## Items from a data source
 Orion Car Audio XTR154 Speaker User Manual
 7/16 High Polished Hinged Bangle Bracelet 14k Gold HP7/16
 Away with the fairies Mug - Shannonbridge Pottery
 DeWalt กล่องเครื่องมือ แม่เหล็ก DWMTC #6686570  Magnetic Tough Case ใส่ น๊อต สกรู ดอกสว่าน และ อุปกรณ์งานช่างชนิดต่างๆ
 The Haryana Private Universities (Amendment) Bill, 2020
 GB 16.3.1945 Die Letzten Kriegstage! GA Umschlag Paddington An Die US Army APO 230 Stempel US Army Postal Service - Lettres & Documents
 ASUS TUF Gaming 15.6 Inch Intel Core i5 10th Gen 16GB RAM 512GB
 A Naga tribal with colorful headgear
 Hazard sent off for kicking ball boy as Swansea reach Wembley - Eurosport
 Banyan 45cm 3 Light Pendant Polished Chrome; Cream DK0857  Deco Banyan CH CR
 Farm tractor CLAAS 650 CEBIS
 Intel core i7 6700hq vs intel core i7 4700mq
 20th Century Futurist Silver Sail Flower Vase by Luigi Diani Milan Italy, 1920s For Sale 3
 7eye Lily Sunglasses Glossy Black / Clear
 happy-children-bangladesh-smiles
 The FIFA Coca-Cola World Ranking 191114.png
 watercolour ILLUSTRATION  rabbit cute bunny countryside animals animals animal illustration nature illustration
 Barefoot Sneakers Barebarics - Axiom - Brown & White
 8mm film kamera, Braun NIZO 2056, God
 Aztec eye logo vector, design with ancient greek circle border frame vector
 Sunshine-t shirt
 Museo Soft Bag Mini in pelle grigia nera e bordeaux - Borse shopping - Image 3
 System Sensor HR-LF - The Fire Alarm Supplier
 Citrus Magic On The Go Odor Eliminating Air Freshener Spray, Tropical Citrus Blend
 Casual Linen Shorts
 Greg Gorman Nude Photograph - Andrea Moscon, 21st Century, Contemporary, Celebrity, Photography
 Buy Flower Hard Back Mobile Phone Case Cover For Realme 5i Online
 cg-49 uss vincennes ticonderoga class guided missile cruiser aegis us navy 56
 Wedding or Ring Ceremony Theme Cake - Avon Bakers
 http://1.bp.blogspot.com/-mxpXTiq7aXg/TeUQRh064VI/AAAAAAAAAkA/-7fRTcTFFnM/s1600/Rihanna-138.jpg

## Description of the task
All lines of the records above with the word "Intel" in them are to be copied.

## Answer space
 ASUS TUF Gaming 15.6 Inch Intel Core i5 10th Gen 16GB RAM 512GB
 Intel core i7 6700hq vs intel core i7 4700mq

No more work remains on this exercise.